In your copy, each line below is repeated exactly and no image appears.
┌─ Material for this exercise
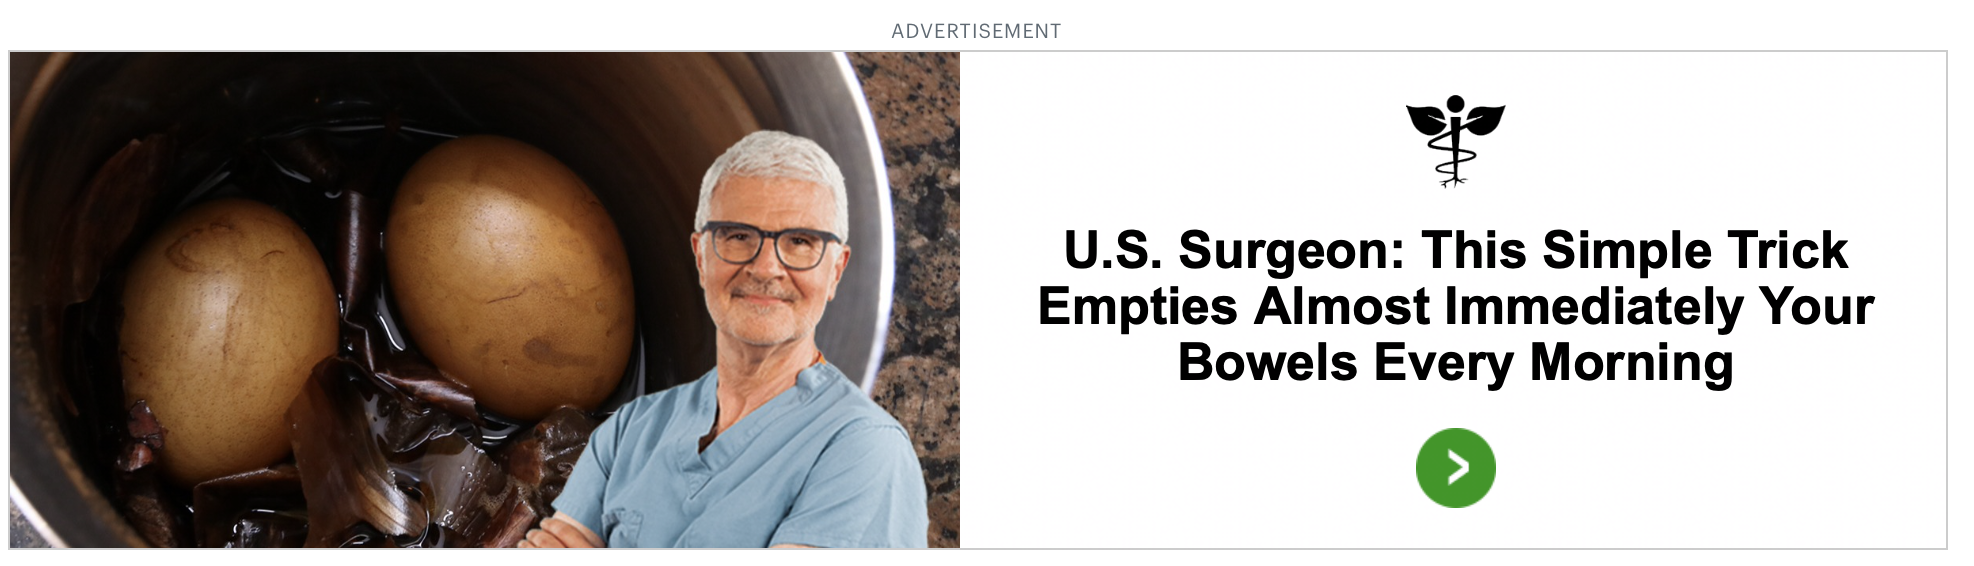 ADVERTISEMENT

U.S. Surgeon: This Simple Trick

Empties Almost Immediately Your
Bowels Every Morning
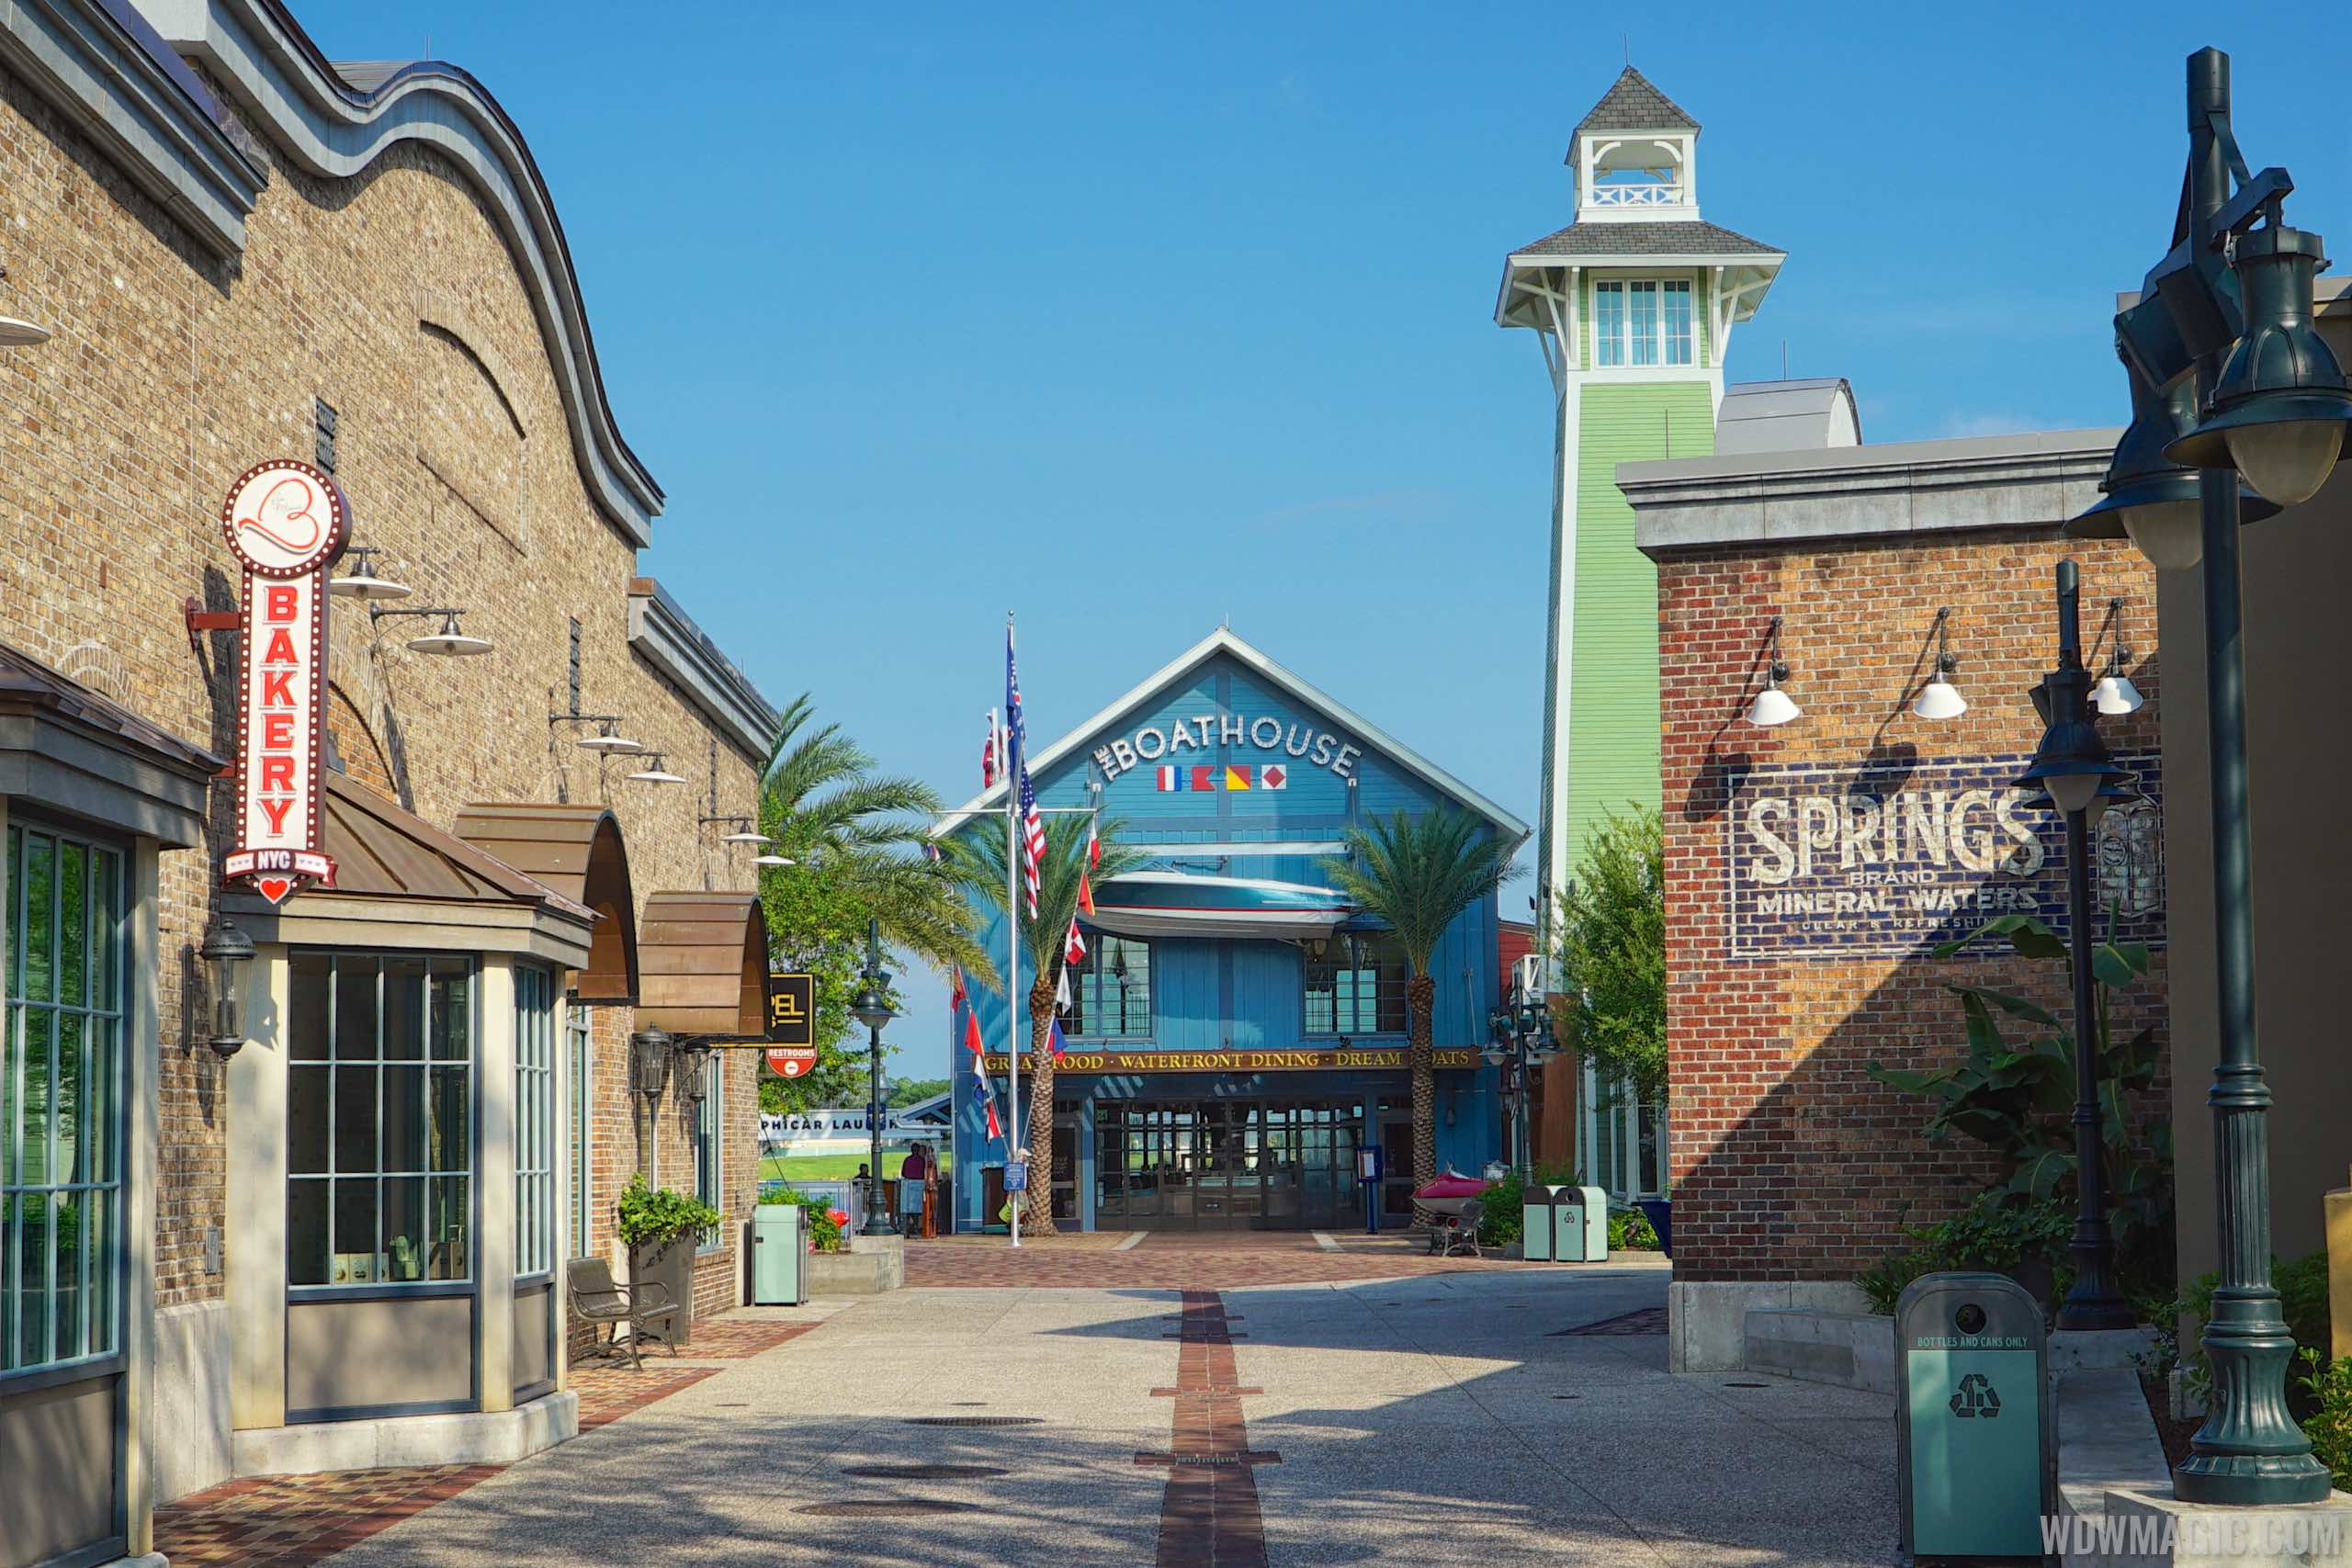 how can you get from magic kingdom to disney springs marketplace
└─
◆ **Output below**:
 ADVERTISEMENT

U.S. Surgeon: This Simple Trick

Empties Almost Immediately Your
Bowels Every Morning
 how can you get from magic kingdom to disney springs marketplace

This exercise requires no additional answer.